The present invention relates to a system for simulating an electronic circuit making it possible to simulate the electrical behaviour in time of a given electronic circuit subject to given electrical operating conditions.
Conventionally, the simulated electronic circuit is described as being a network having a certain number of nodes and branches, each having one or more components of the resistor, capacitor, inductor, transistor or similar type. This is followed by the definition of the electrical supply conditions of this electronic circuit, as well as the shape of the electrical control signal or signals applied to one or several inputs of said circuit.
Thus, a simulation system receives a first sequence of coded electrical signals representing the description of the electrical circuit, i.e. indicating the nodes of the network, the branches connecting two of these nodes in each case and the components of each branch, a second sequence of coded electrical signals representing the electrical operating conditions of the circuit, a third sequence of coded electrical signals representing the function existing between the voltage applied to the terminals of each of the circuit components (resistor, capacitor, inductor, transistor, etc) or time derivative and the current flowing through said component, as well as a fourth sequence of coded electrical signals indicating the nodes for which it is necessary to carry out the simulation of the electrical state at a given time t, together with the determination of the time interval .DELTA.t for the following simulation performed at time t+.DELTA.t, the electrical signals of said sequences being in general binary signals.
The simulation systems make it possible to evaluate the probable performances of an electronic circuit without it being necessary to physically realize said circuit. They also make it possible to rapidly test different embodiments of a circuit being developed. Therefore simulation systems are used for the development of electronic circuits.
Each simulation system is essentially defined by two parameters, namely the system of differential equations used for modeling the electronic circuit and the method used for solving this system of differential equations. Among the most widely used representations, reference can be made to the Euler, trapezium and GEAR models. For each of these models, it is possible to choose as a function of the simulated electronic circuit type and the desired accuracy of calculating the potentials of the nodes, models of order 1, order 2 or a higher order, i.e. respectively only taken account of the first derivative of the potential, the first two derivatives of the potential or higher order derivatives.
The model chosen to represent an electronic circuit does not generally constitute a characteristic of the simulation system. However, the choice of a resolution method for the model is a characteristic of a simulation system and defines its performance and capacity.
Electronic circuit simulation systems are generally placed in three generations, each defined by the method used for solving the system of differential equations representing said electronic circuit. The first generation corresponds to the first simulation systems developed in the 1960's. The simulation systems developed in the 1970's roughly correspond to the second generation. A first example of such a simulation system is described in the article: "SPICE 2: a computer program to simulate semiconductor circuits", by L. N. Nagel, University of California, Berkeley, May 1975.

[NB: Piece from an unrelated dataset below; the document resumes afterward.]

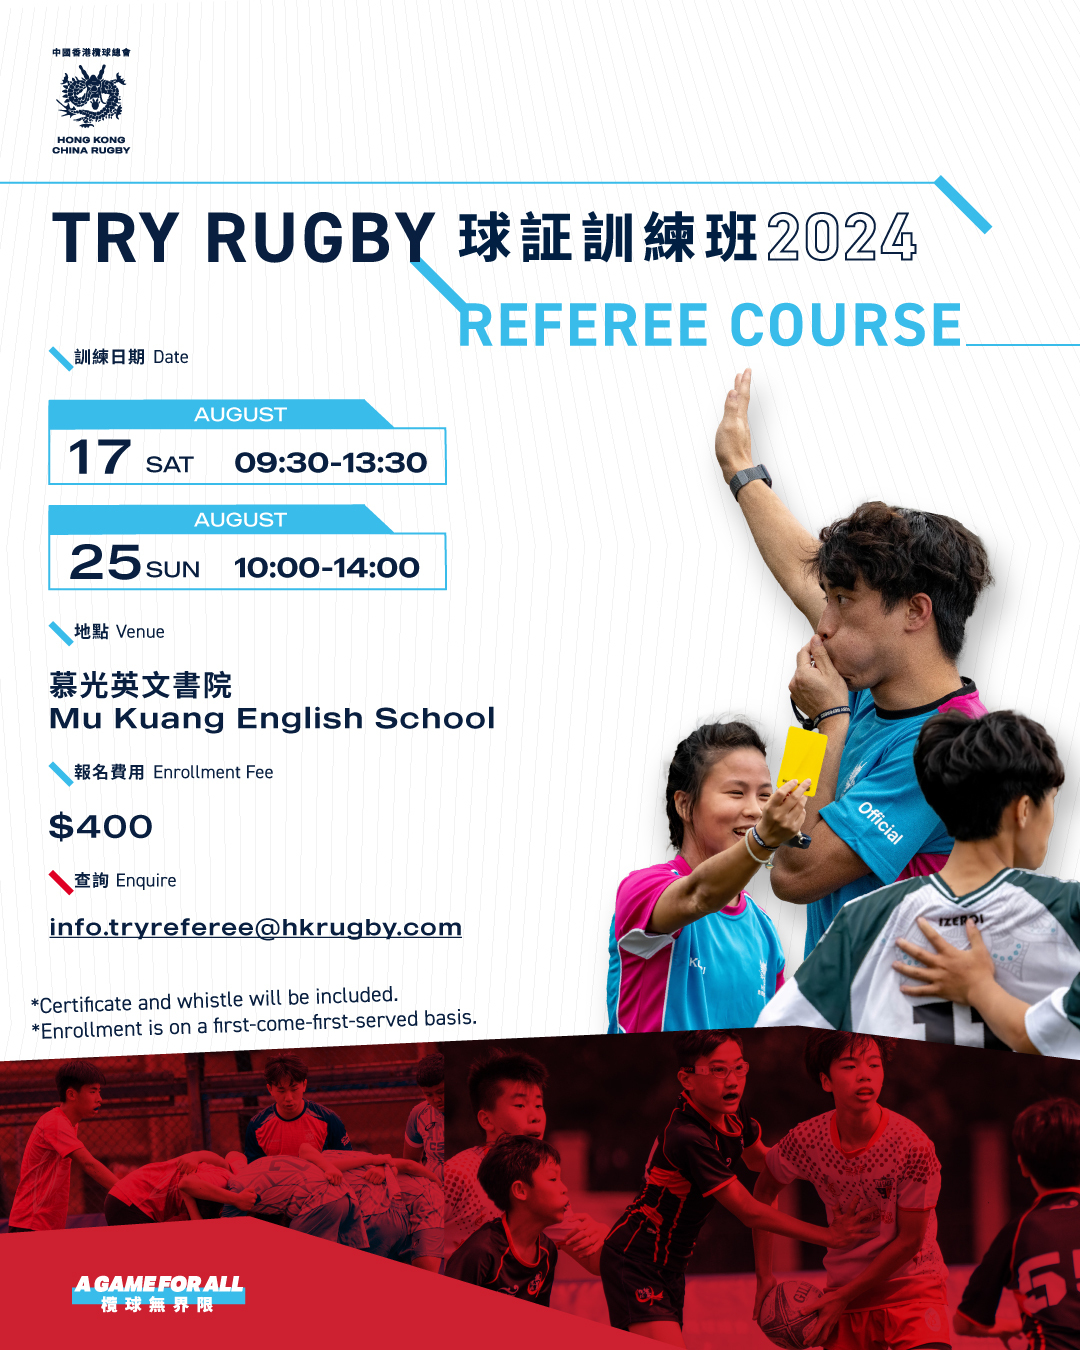 Try Rugby Referee Course 2024 thumbnail

In this simulation system, the system of differential equations representing the electronic circuit is solved by the Newton method. This method uses Jacobian computations to solve the system of differential equations, said Jacobian being a matrix of p.times.p elements for an electronic circuit with p nodes, and inverse of Jacobian computations. The potential of each node of the electronic circuit is then directly obtained by means of the inverse of the Jacobian matrix.
The inversion of the Jacobian matrix represents a considerable calculation volume. It should be noted that this volume increases with the square of the size of the simulated circuit, which in practice limits the use of this simulation system to electronic circuits not exceeding roughly 50 transistors, because for more complex electronic circuits the calculation time becomes prohibitive.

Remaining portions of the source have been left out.